Thursday, June 12, 2014

Father's Day



When I was 12 my parents divorced. My parents had always fought a lot, but I was particularly devoted to my dad and was heartbroken by the split. My sister, then 18, moved in with some friends in Dallas, and my mother and I moved to Denton where my grandmother lived. Our lovely house in the country near Celina was sold.
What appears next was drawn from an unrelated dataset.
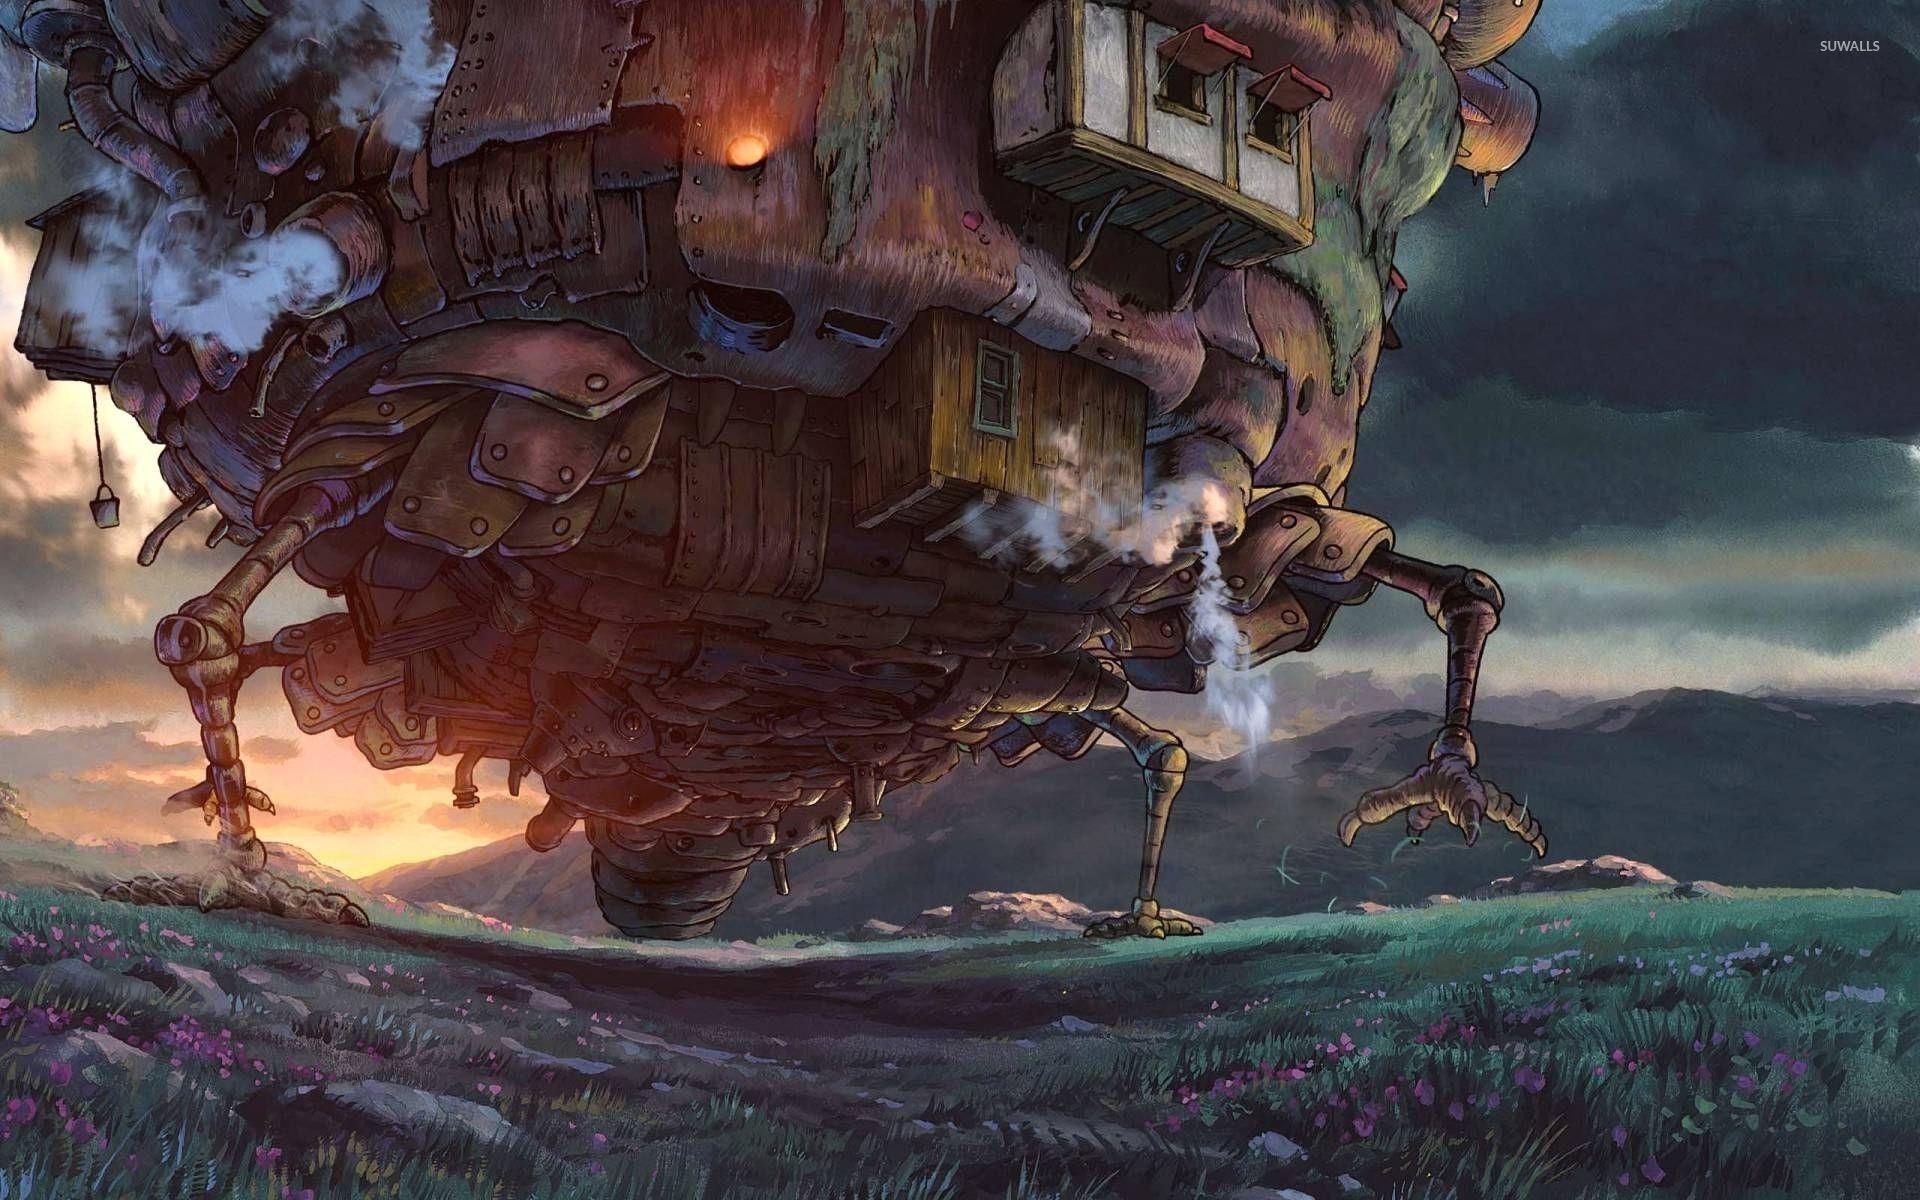 Suggestions Online Images Of Howls Moving Castle Wallpaper 1920x1080 Miyasaki Pelis Peliculas

My dad had suffered from a crippling form of arthritis for several years. I could remember him being able to pick me up, to work on cars together, to mow the yard and to build bookcases using a handsaw and a drill. But as I grew stronger, his back grew more bent, and by age 12 I was the muscle in the house, doing the yard work and the heavy lifting in the barn as well. I enjoyed physical work and took pride in my ability to take care of things.

I loved Denton and quickly made friends there, which helped make the transition a little easier. But two years after the divorce, my dad no-showed for our weekly Saturday outing. We would often start our Saturday morning with a trip to Dunkin’ Donuts, and then we would scour junkyards for Ford Thunderbird parts. This was a special Saturday because it was Valentine’s Day, and I had gotten Dad a really nice card that I was anxious to give him. When he didn’t show up, Mom called his apartment. No answer. She tried calling several times. No answer. Day turned to evening. Mom called Dad’s best friend, who went over to his apartment and found him there, dead. When the policeman knocked on the door, I already knew the truth, but it was still shocking. I vaguely remember lying in my bed sobbing while one of Mom’s friends gently rubbed my shoulder to comfort me.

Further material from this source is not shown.